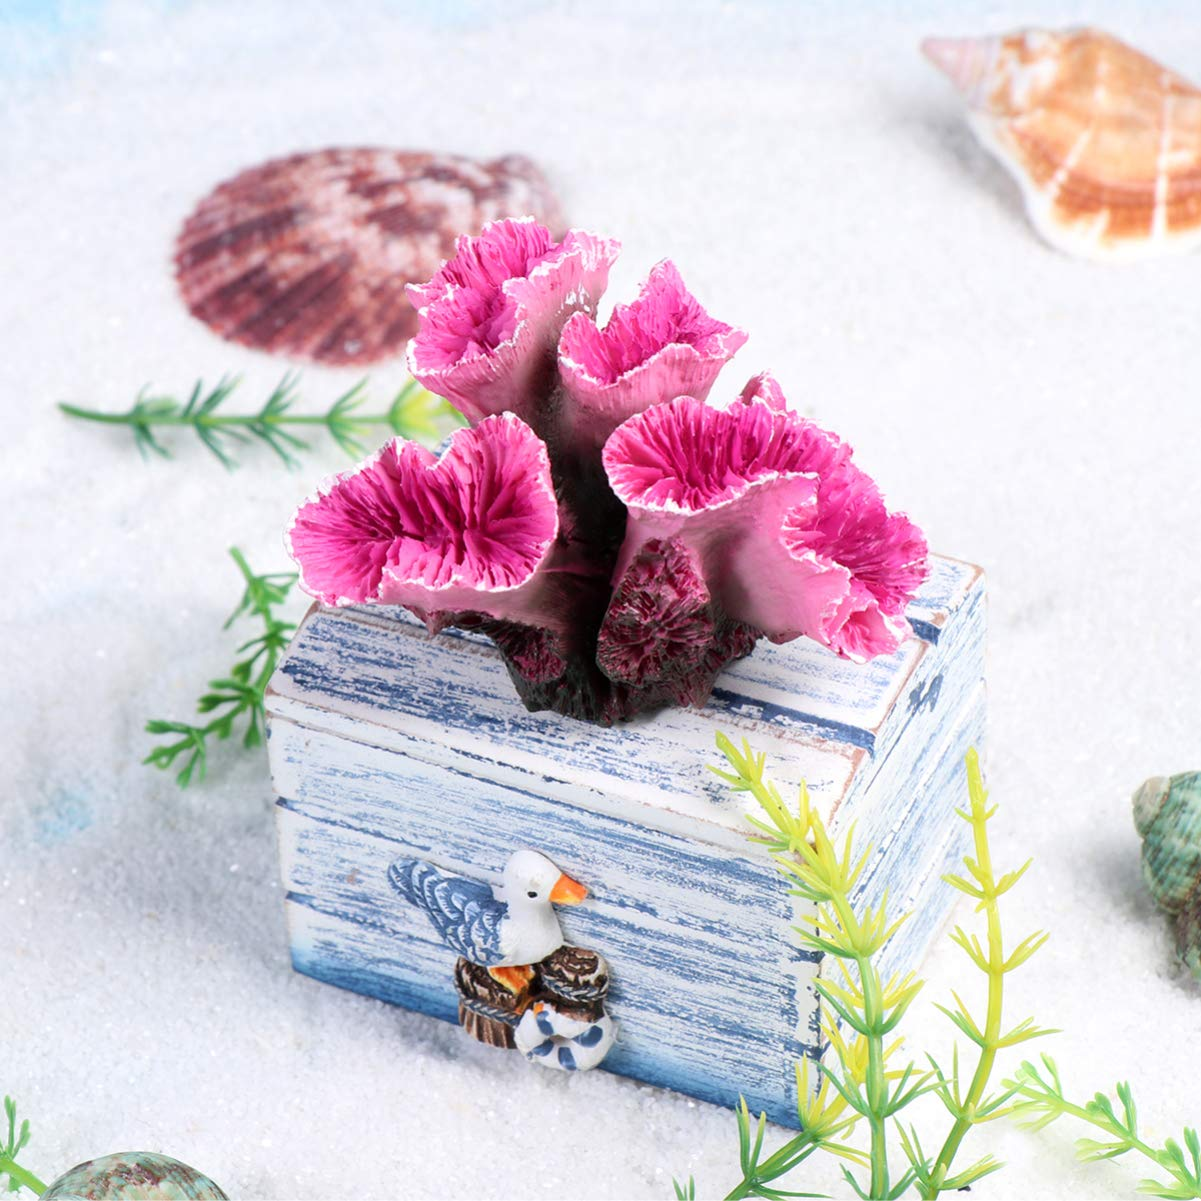 POPETPOP Decoraci/ón Artificial Acuario Coral Falsa Arrecife Submarino Decoraci/ón para Pecera Decoraci/ón del Paisaje
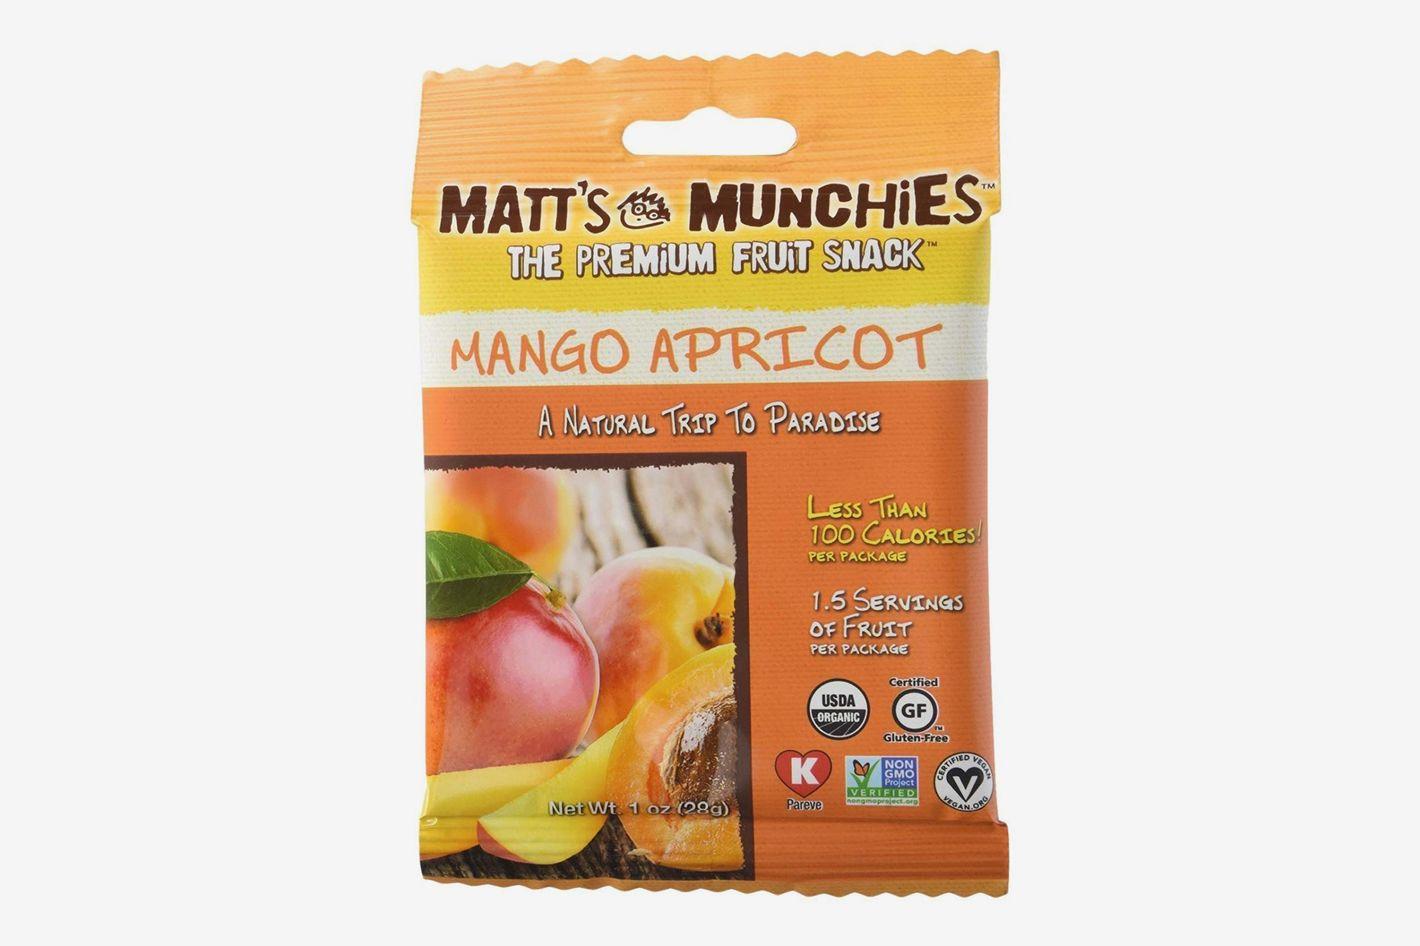 Matt's Munchies Organic Fruit Snack (1-Ounce Bag)
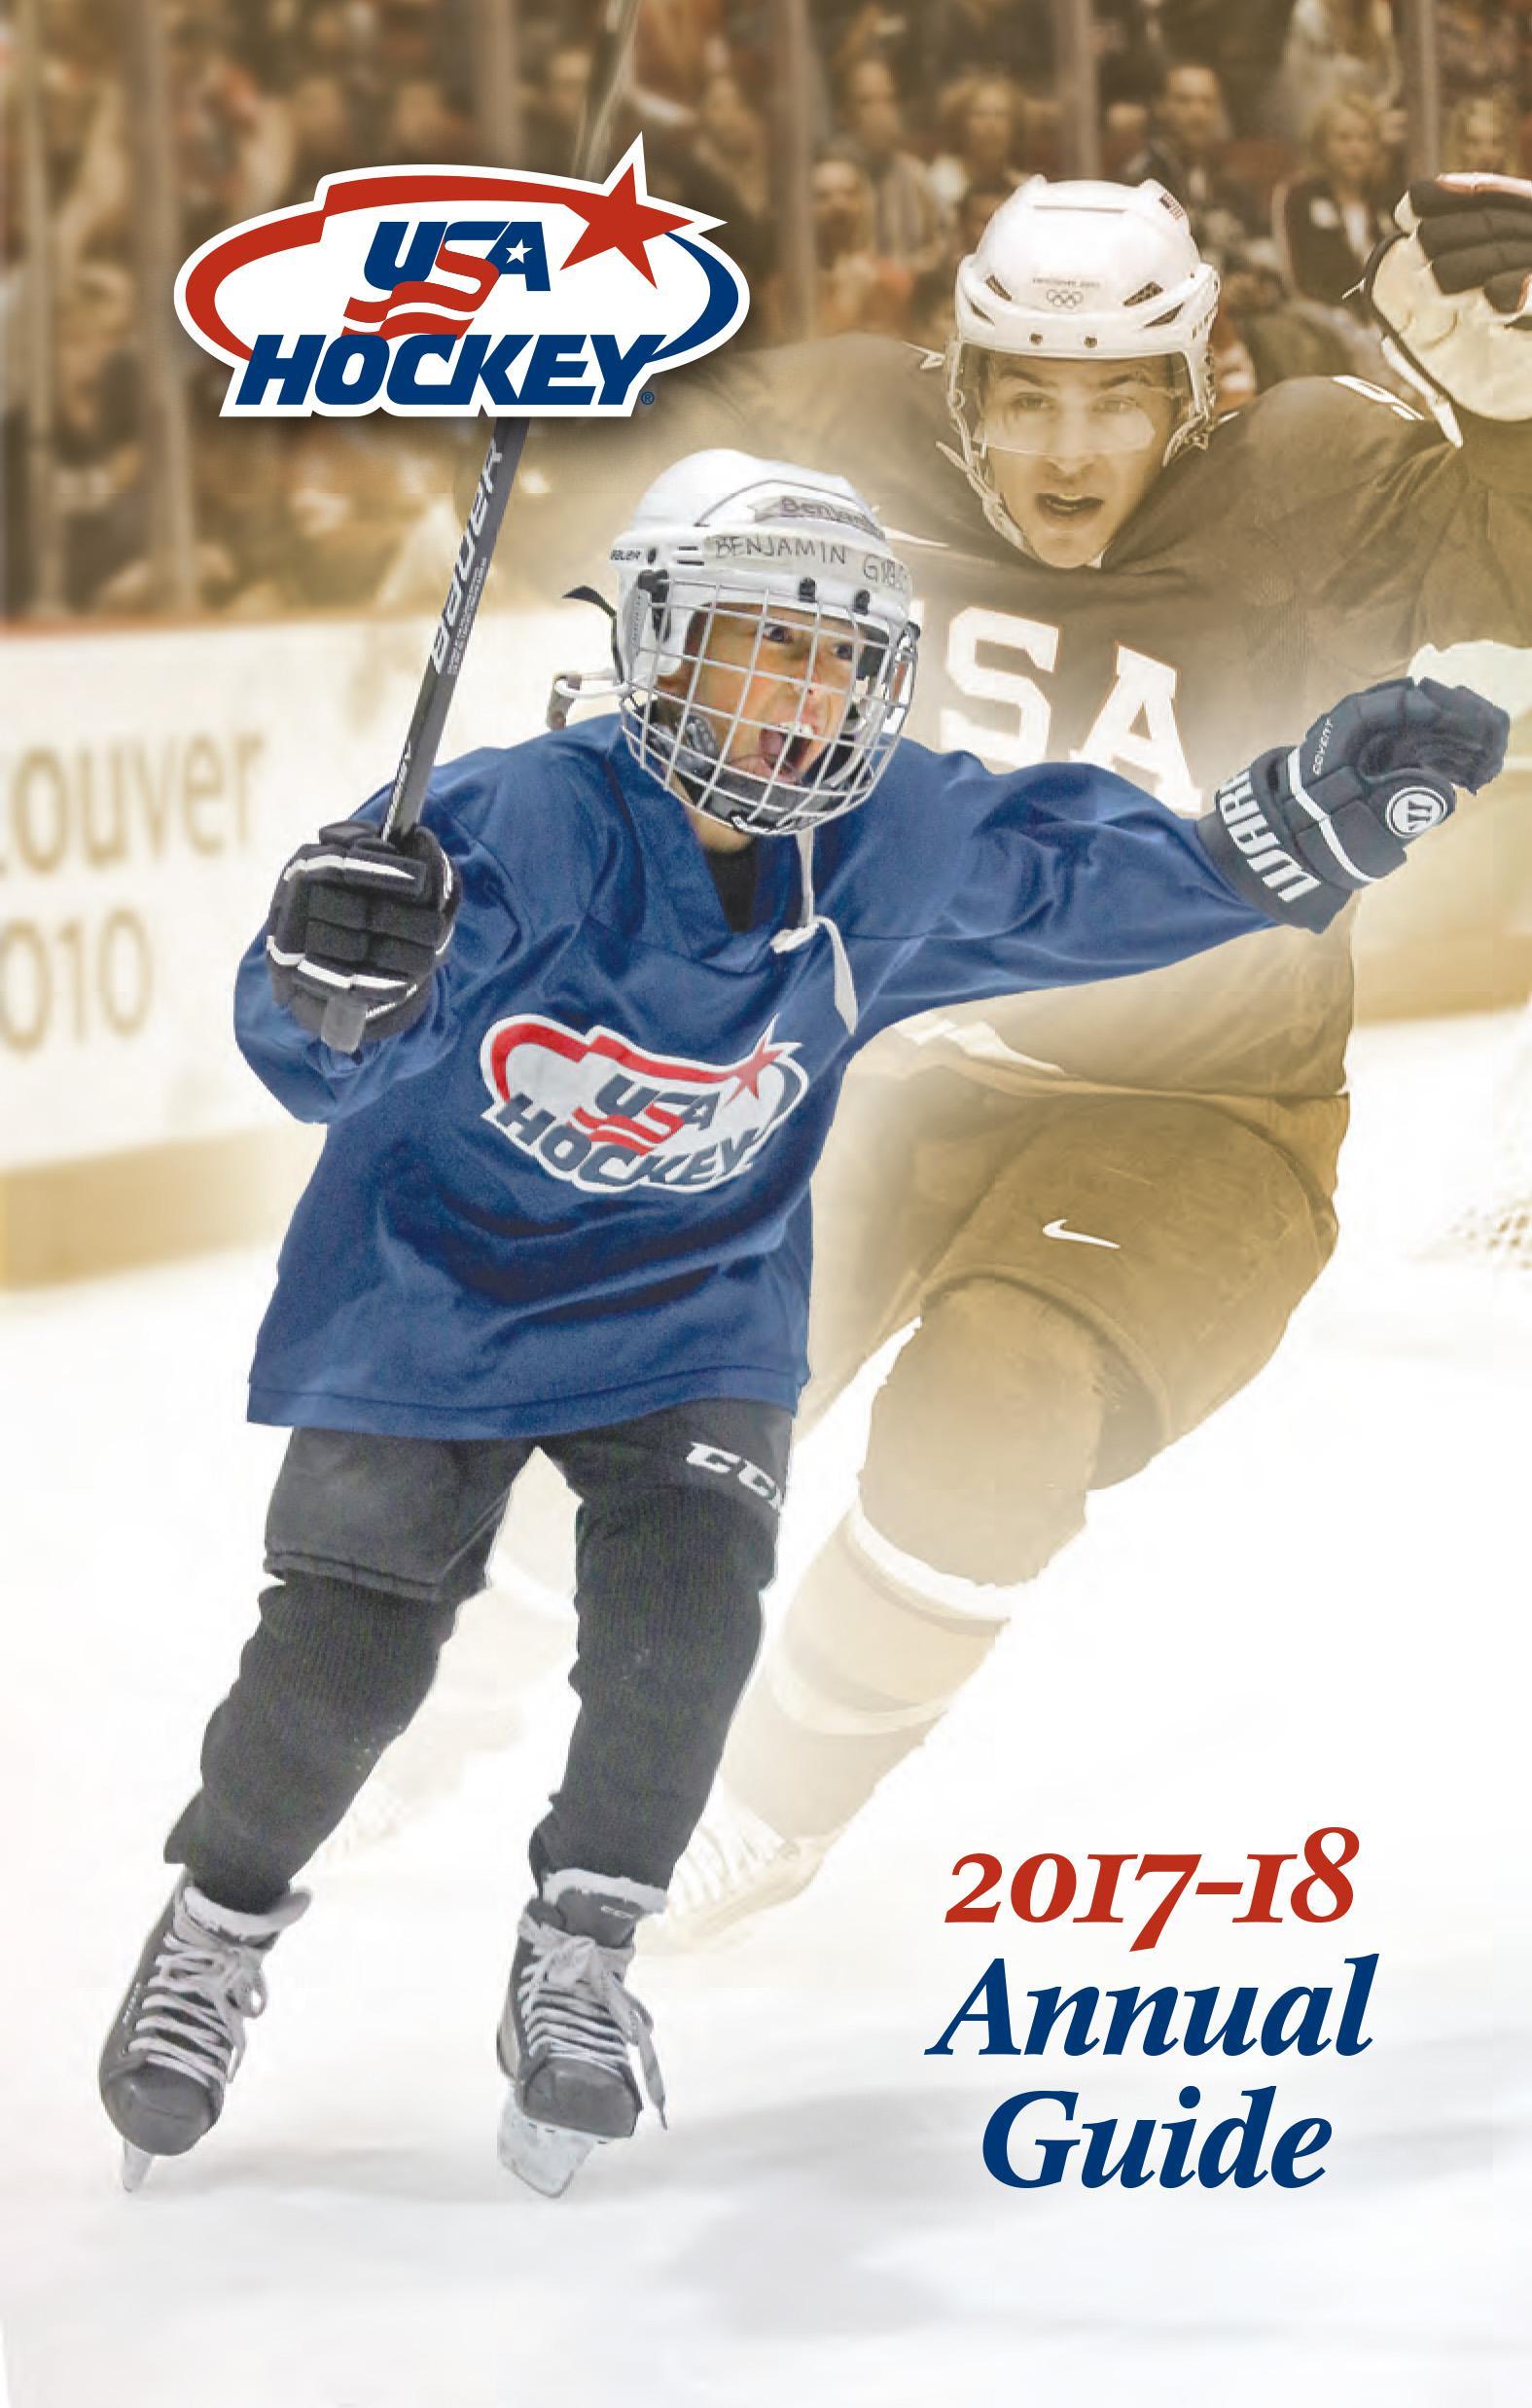 USA Hockey Annual Guide

- Instructions to follow -
Copy nothing but the lines above from the one with "Matt's Munchies Organic" through the end of the material, word for word, and drop the pictures.

- Written response -
 Matt's Munchies Organic Fruit Snack (1-Ounce Bag)
 USA Hockey Annual Guide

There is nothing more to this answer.